(TASK REQUIREMENTS) Everything from the line with "Typical carcinoid tumor" down to the line with "EXCLUSIF Heller-ForEver- une" below must be printed exactly, those two lines included. Exclude pictures.

(DATA LISTING)

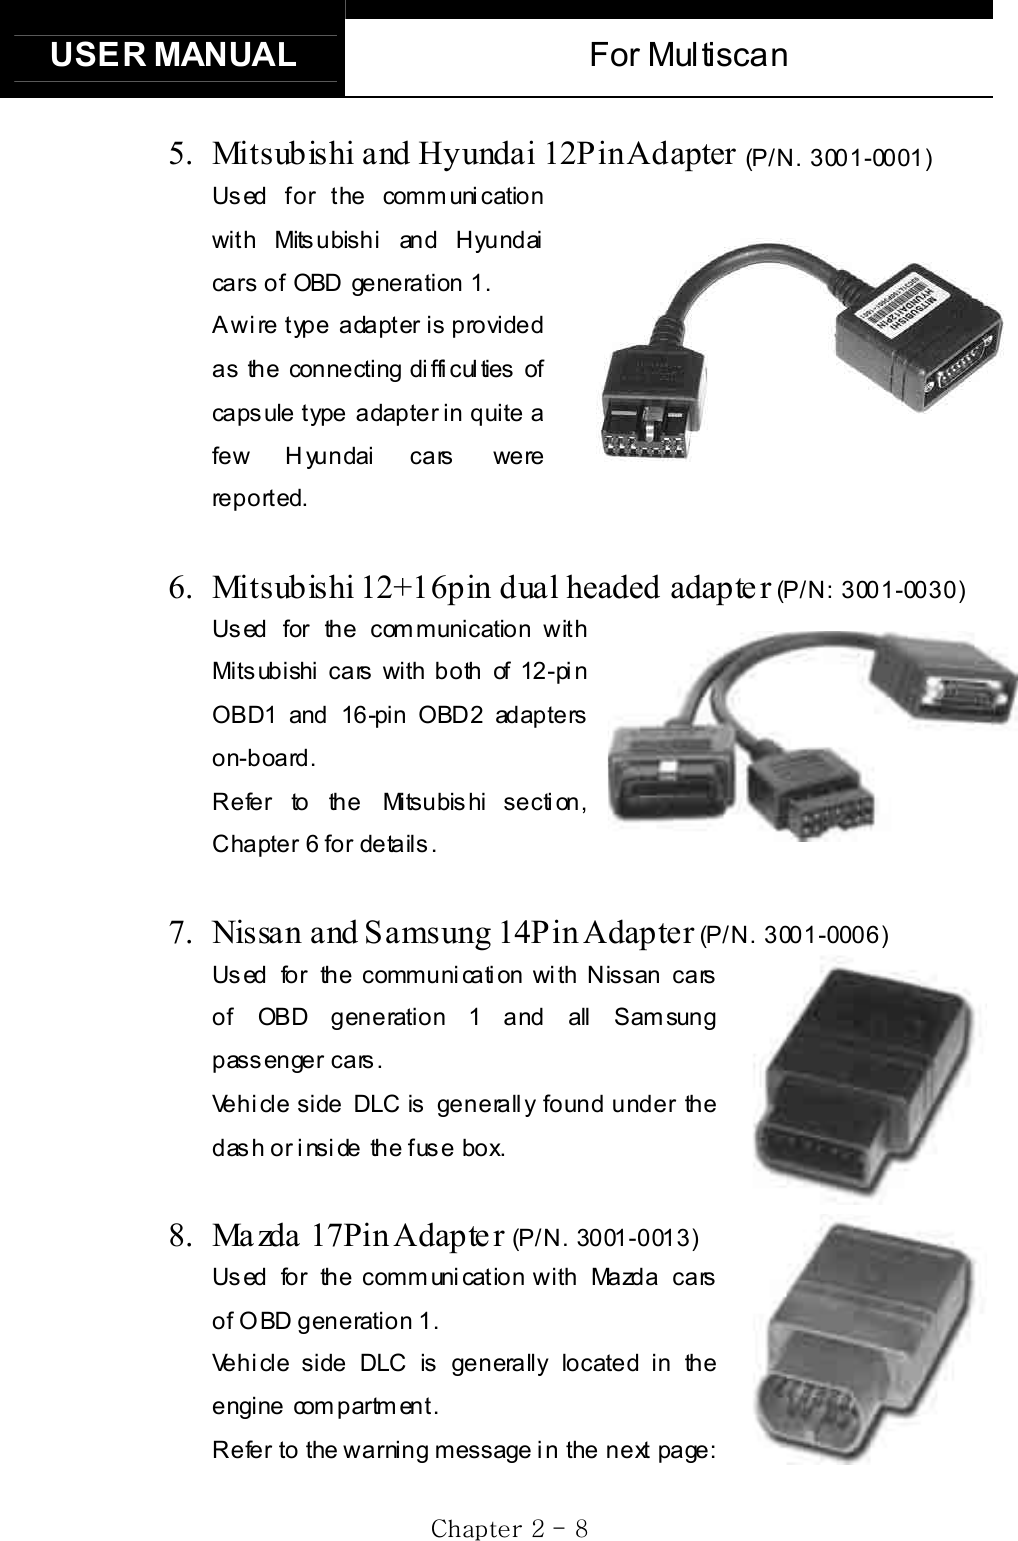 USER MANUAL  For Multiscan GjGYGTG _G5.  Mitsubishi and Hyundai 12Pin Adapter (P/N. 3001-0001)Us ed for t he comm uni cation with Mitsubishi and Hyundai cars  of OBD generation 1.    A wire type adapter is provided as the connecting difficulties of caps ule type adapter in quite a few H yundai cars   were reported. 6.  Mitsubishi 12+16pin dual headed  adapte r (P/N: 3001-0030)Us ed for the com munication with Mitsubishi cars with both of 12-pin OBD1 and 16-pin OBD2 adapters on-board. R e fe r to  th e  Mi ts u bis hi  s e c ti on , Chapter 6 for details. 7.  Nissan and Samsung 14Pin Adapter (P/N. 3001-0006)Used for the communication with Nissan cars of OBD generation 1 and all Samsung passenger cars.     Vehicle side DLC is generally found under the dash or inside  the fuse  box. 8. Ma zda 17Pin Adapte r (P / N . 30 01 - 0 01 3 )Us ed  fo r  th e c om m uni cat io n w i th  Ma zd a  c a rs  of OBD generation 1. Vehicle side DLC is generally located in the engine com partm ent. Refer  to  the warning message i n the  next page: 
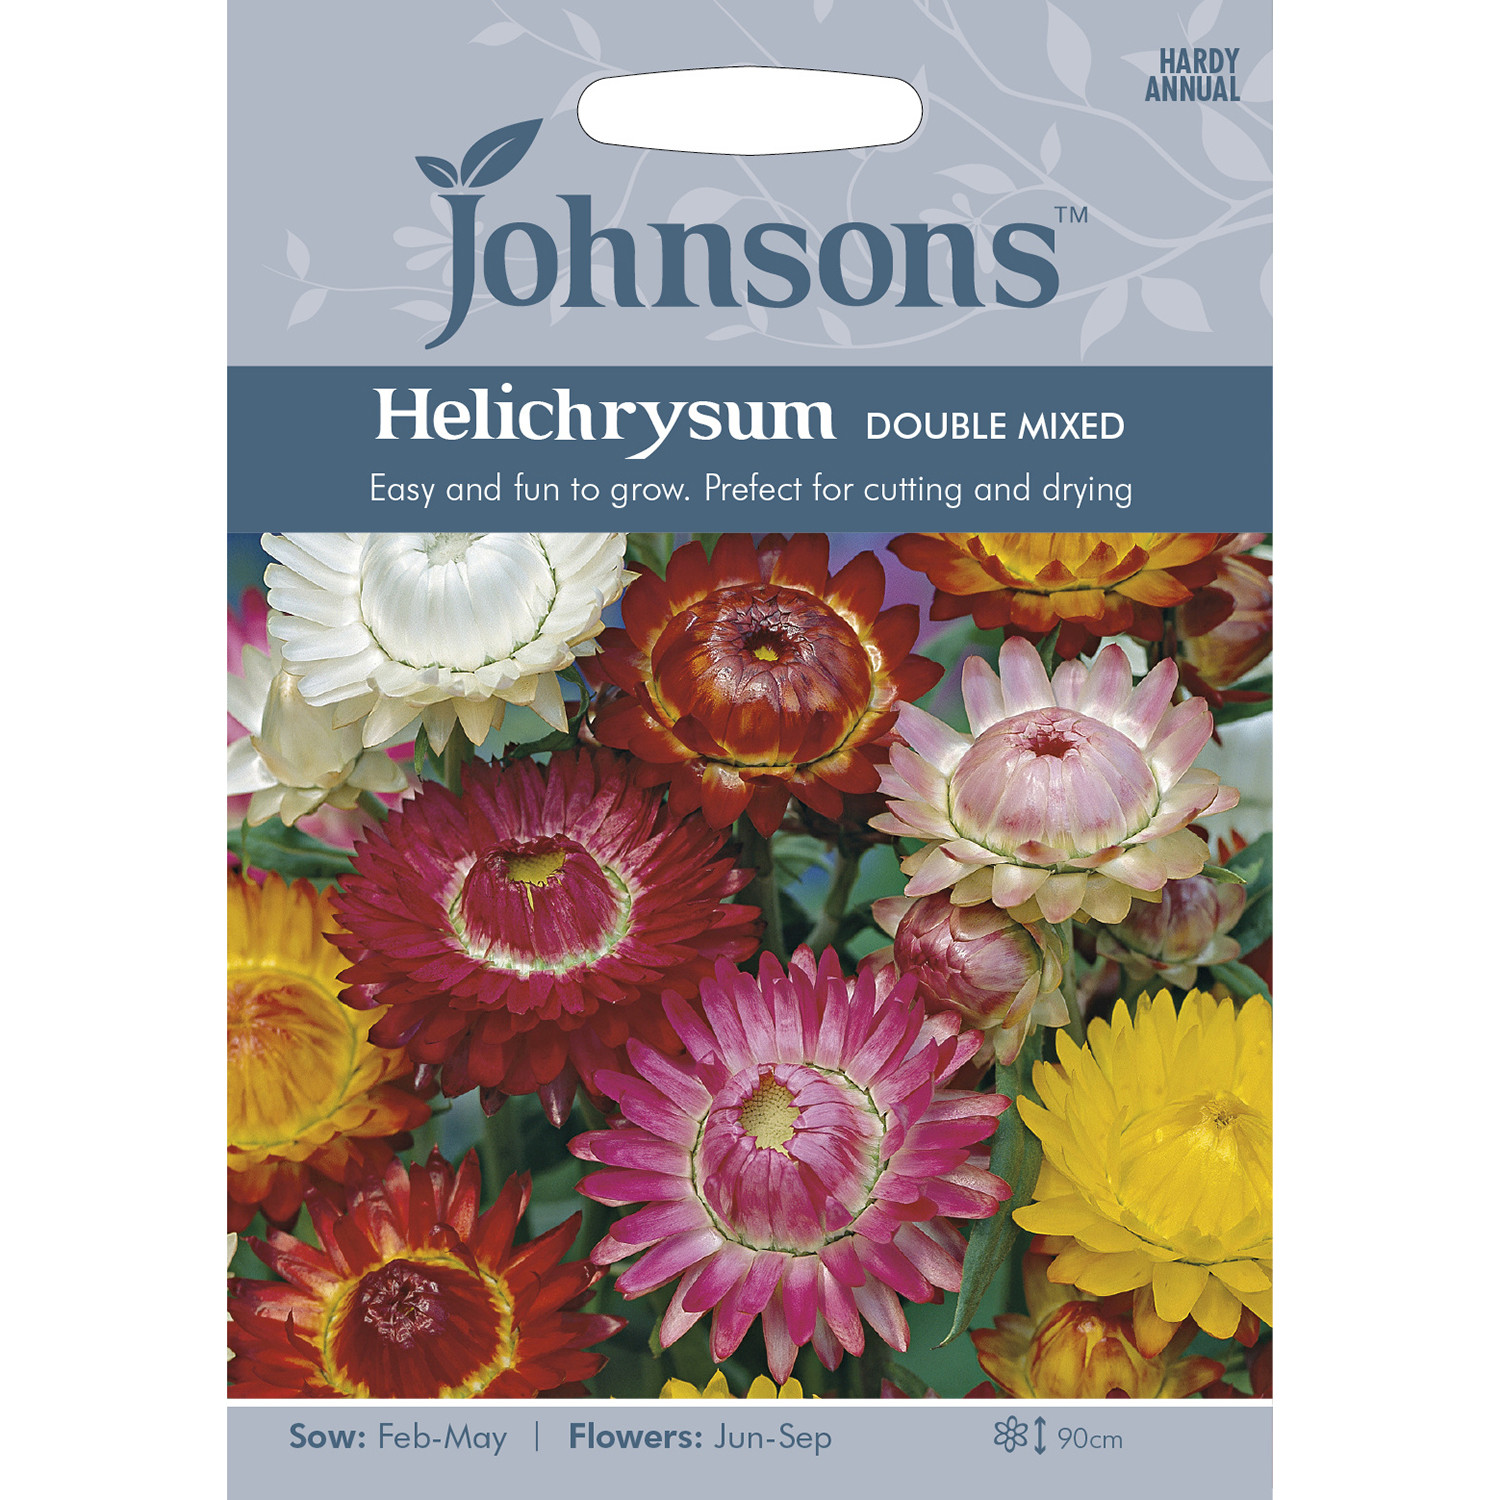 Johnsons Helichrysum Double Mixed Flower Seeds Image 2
--
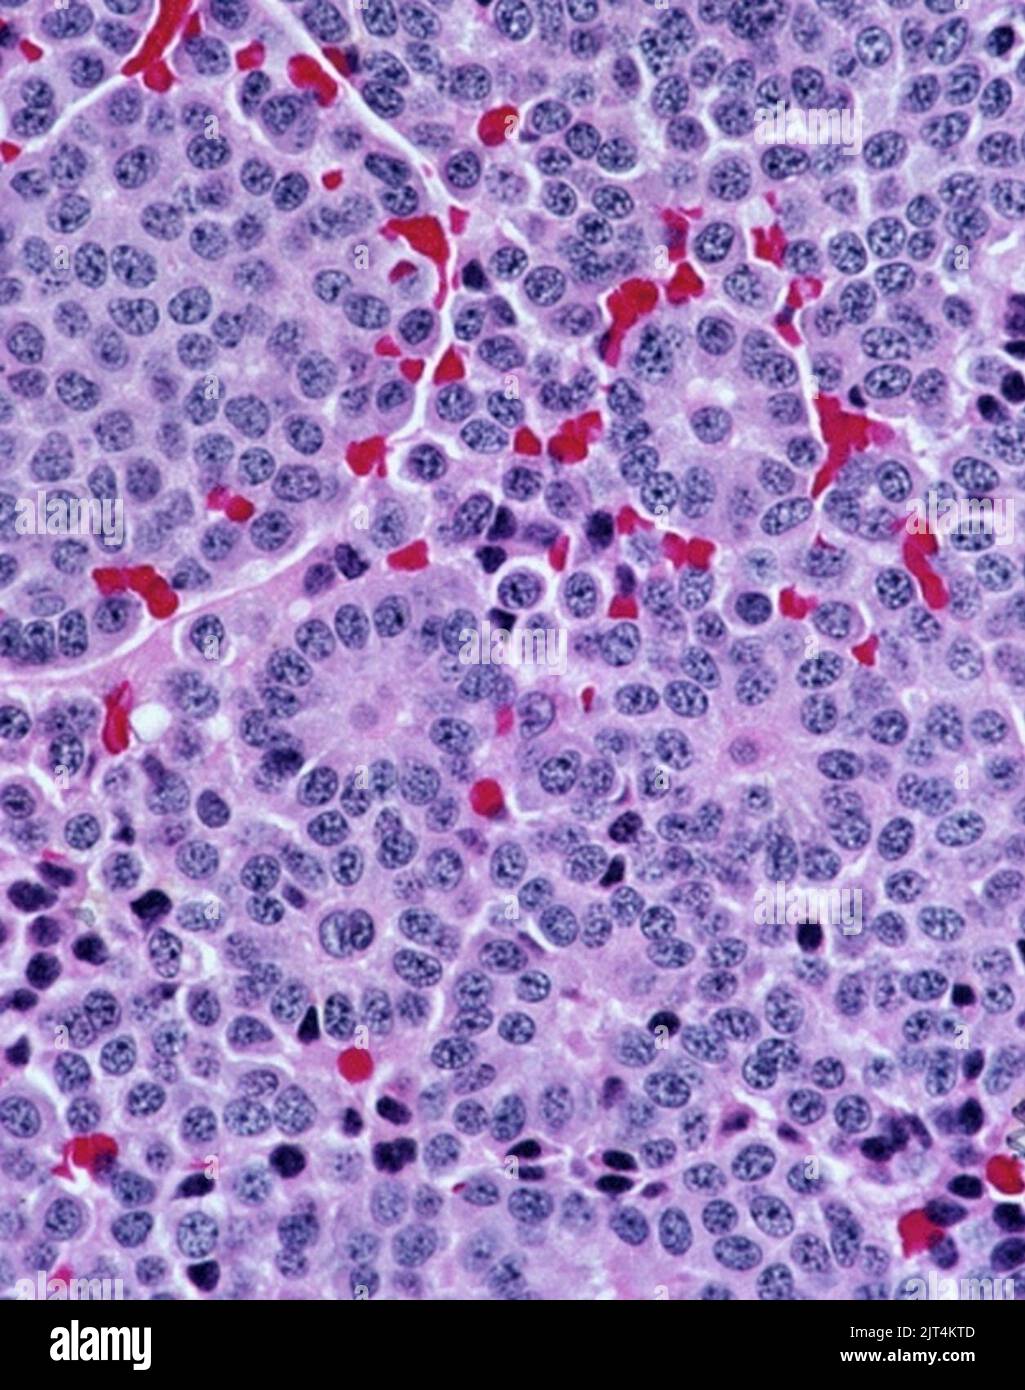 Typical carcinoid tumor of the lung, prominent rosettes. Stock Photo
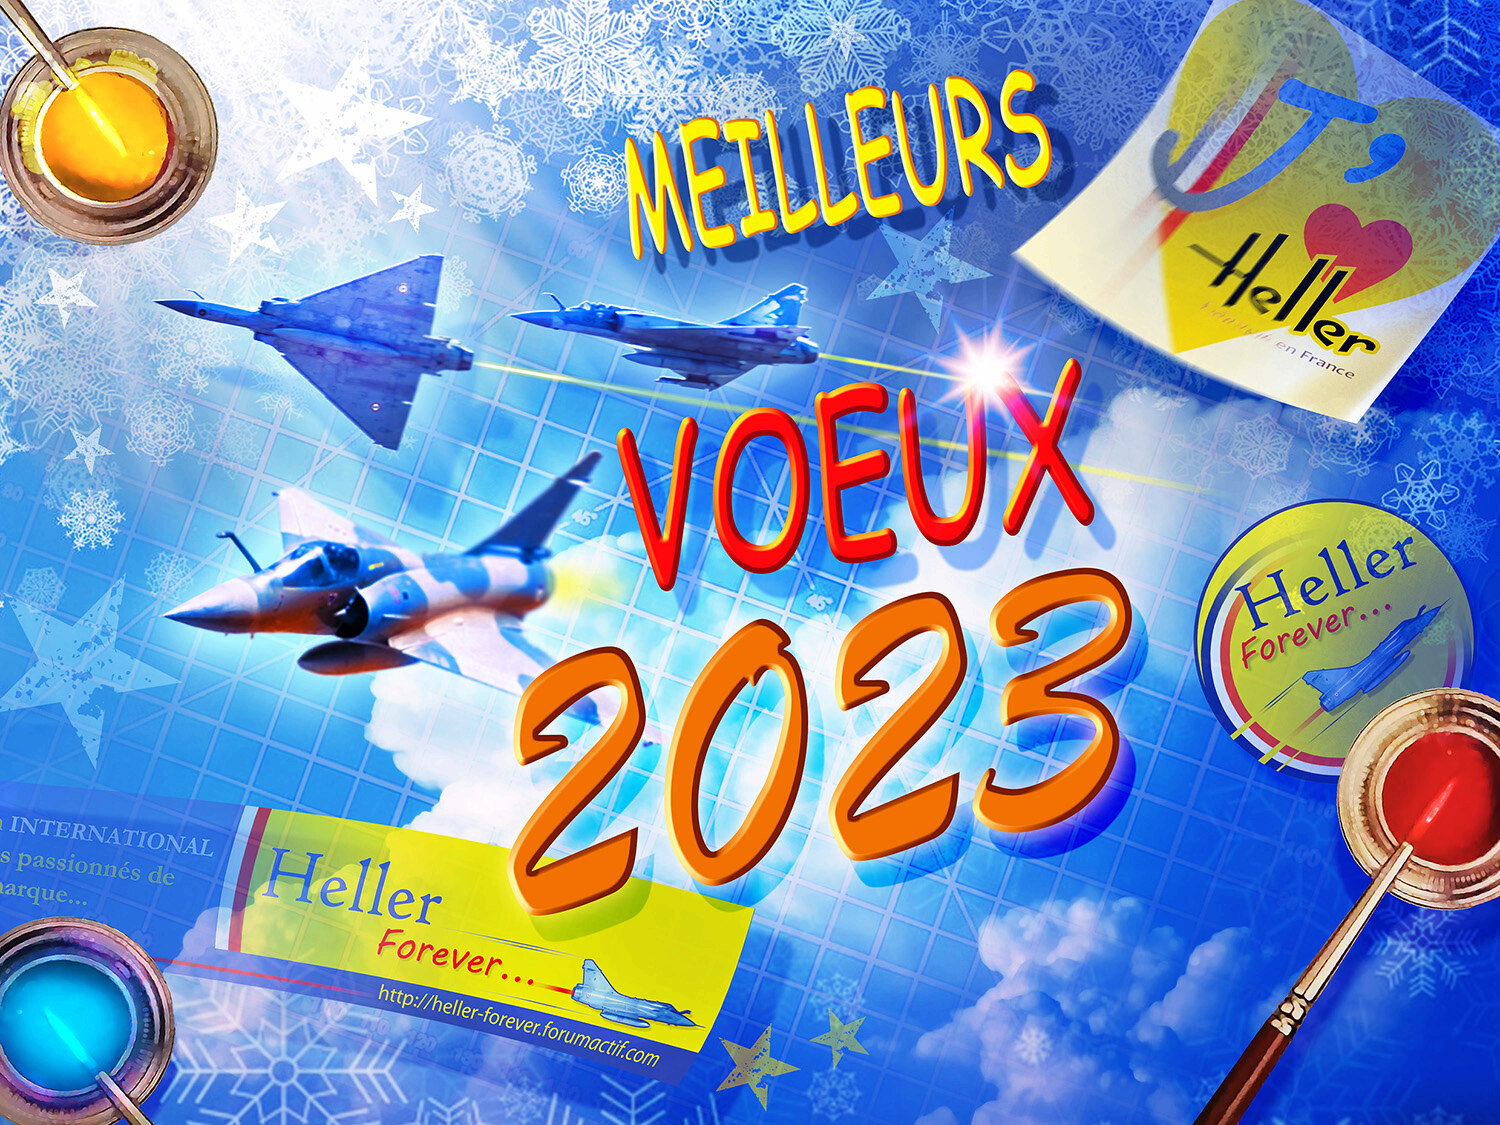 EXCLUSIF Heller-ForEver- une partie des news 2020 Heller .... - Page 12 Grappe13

(PROBLEM SOLUTION)
 Typical carcinoid tumor of the lung, prominent rosettes. Stock Photo
 EXCLUSIF Heller-ForEver- une partie des news 2020 Heller .... - Page 12 Grappe13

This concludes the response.